**Your goal:**
From the records below, print exactly the lines starting at the one containing "Victory Ford 1800" and ending at the one containing "JS-Technik GmbH", ends included, and nothing else.

[Data items]
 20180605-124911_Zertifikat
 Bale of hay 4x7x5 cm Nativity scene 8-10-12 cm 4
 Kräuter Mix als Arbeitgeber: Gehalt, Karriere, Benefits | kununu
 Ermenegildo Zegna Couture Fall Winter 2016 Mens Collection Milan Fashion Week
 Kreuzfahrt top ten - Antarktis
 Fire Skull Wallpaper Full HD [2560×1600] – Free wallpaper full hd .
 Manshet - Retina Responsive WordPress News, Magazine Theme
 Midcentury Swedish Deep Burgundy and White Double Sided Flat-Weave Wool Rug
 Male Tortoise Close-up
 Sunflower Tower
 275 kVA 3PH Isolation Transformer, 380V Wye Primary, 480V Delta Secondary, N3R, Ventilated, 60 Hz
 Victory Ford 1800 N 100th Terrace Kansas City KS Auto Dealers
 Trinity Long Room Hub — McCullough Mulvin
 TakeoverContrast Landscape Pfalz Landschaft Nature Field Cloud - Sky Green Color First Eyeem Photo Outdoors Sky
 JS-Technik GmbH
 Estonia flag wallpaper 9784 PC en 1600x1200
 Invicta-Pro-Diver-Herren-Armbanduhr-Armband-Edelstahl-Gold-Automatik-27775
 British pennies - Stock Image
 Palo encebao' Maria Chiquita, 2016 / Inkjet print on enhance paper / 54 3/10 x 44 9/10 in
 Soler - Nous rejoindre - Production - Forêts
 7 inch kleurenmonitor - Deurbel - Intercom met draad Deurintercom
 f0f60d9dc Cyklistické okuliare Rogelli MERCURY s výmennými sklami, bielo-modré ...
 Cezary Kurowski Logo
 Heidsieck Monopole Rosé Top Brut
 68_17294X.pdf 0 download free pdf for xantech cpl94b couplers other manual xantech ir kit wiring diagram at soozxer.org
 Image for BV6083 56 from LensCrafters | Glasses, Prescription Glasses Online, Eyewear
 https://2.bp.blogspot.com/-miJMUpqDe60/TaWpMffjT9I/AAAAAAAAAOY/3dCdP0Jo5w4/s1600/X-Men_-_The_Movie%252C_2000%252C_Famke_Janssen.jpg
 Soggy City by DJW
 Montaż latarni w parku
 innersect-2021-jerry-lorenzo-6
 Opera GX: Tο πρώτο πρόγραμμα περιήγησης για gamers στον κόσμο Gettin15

**Answer for the task:**
 Victory Ford 1800 N 100th Terrace Kansas City KS Auto Dealers
 Trinity Long Room Hub — McCullough Mulvin
 TakeoverContrast Landscape Pfalz Landschaft Nature Field Cloud - Sky Green Color First Eyeem Photo Outdoors Sky
 JS-Technik GmbH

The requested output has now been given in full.